Installation

Requirements

Bempp-cl can be installed on any Windows, Mac, or Linux system with Python 3.7. The following dependencies are required:

  • numpy

  • scipy

  • numba

  • pyopencl

  • meshio

  • plotly

OpenCL

Bempp-cl uses OpenCL kernels to launch computations. OpenCL is a standard for accessing various types of compute devices, including CPUs and GPUs. Bempp-cl uses OpenCL to compile C99 kernels during runtime for the underlying compute device. This requires a runtime environment to be installed. Runtime environments are available from Apple (CPU, GPU), Nvidia (GPU), AMD (GPU) <https://rocm.github.io/install.html>_, Intel (CPU/GPU) and through the open-source Pocl Project (CPU). In the following a few important remarks about OpenCL runtime environments.

  • Most GPU devices are much faster in single precision and we do not advise using Bempp in double precision on such devices.

  • If Pocl is used we require at least version 1.3. The package in the current Ubuntu 18.04 LTS release is older and does not yet support Bempp-cl.

  • The Apple CPU runtime environment is not compatible with Bempp-cl.

We provide quick installation instructions with Pocl, but also test regularly with AMD and Nvidia runtime environments. This quick installation creates a working installation based on the Pocl ICD (Installable Client Driver). For the activation of other ICDs (e.g. from AMD or Nvidia) see further below.

Quick-Installation

The quick installation gets you up and running on a CPU based system. It works on Mac OS, Linux and the Windows Subsystem for Linux. The only requirement is a working conda installation.

First, if not already done, enable the conda-forge channel.

conda config --add channels conda-forge
conda config --set channel_priority strict

Next, create a new environment for Bempp and change into it.

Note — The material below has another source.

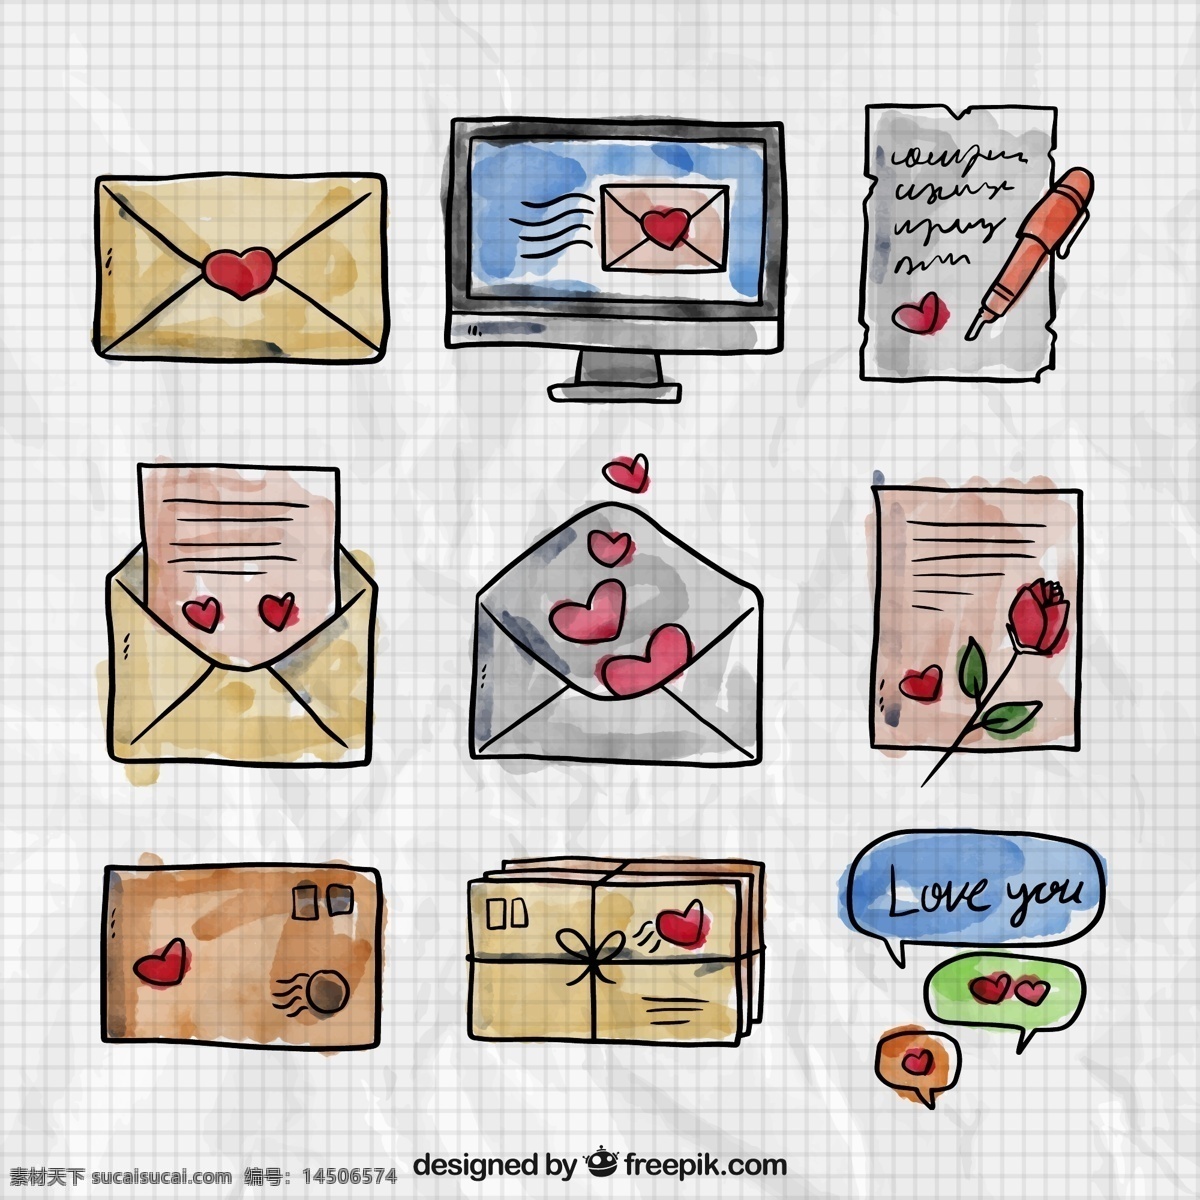 款 水彩 绘 情人节 书信 矢量 爱心 情书 电脑 玫瑰花 笔 信纸 格子 纸张 信封 语言气泡 矢量图 水彩画 彩绘 情人节素材

conda create -n bempp python=3.7
conda activate bempp

We are using Python 3.7 by default, as there is currently still a bug with Numba and Python 3.8 that effects Bempp-cl. On older versions of conda it may be necessary to use source activate instead of conda activate.

We can now install Bempp-cl with

conda install bempp-cl

This installs Bempp-cl with a minimal set of dependencies that are required to run the software. However, we strongly recommend to also install Gmsh, Matplotlib, and Jupyter. This can be done via

conda install gmsh matplotlib jupyter

Using other compute devices

Any compute device that provides a valid ICD can in principle be used with Bempp. However, if Bempp is installed within a conda environment these may not be seen by the installation. The reason is that conda expects files in different locations than may be provided by the system. The following two solutions have been tested on Linux based systems.

Set the ICD location via environment variable

Typically, GPU vendors install ICDs in /etc/OpenCL/vendors. You can set this as default search path for ICD files with the command

export OPENCL_VENDOR_PATH=/etc/OpenCL/vendors

The drawback is that as long as this variable is set the Pocl driver provided through conda is not visible any more.

Copy ICD files into the correct location

An alternative to setting an environment variable is to copy the system ICD files into a location that conda knows.

First, find out where your conda environment is installed, using e.g. the command which python when the environment is active. The output of the command may be something like

/home/user/miniconda3/envs/bempp/bin/python

But this depends on whether Anaconda Python or Miniconda is installed and where the base installation resides. The directory in which conda installs ICDs is

/home/user/miniconda3/envs/bempp/etc/OpenCL/vendors

This directory already contains a file called pocl.icd which has been installed through the pocl conda package. To use other ICD drivers copy them over from the system directory /etc/OpenCL/vendors into the above directory of your conda environment.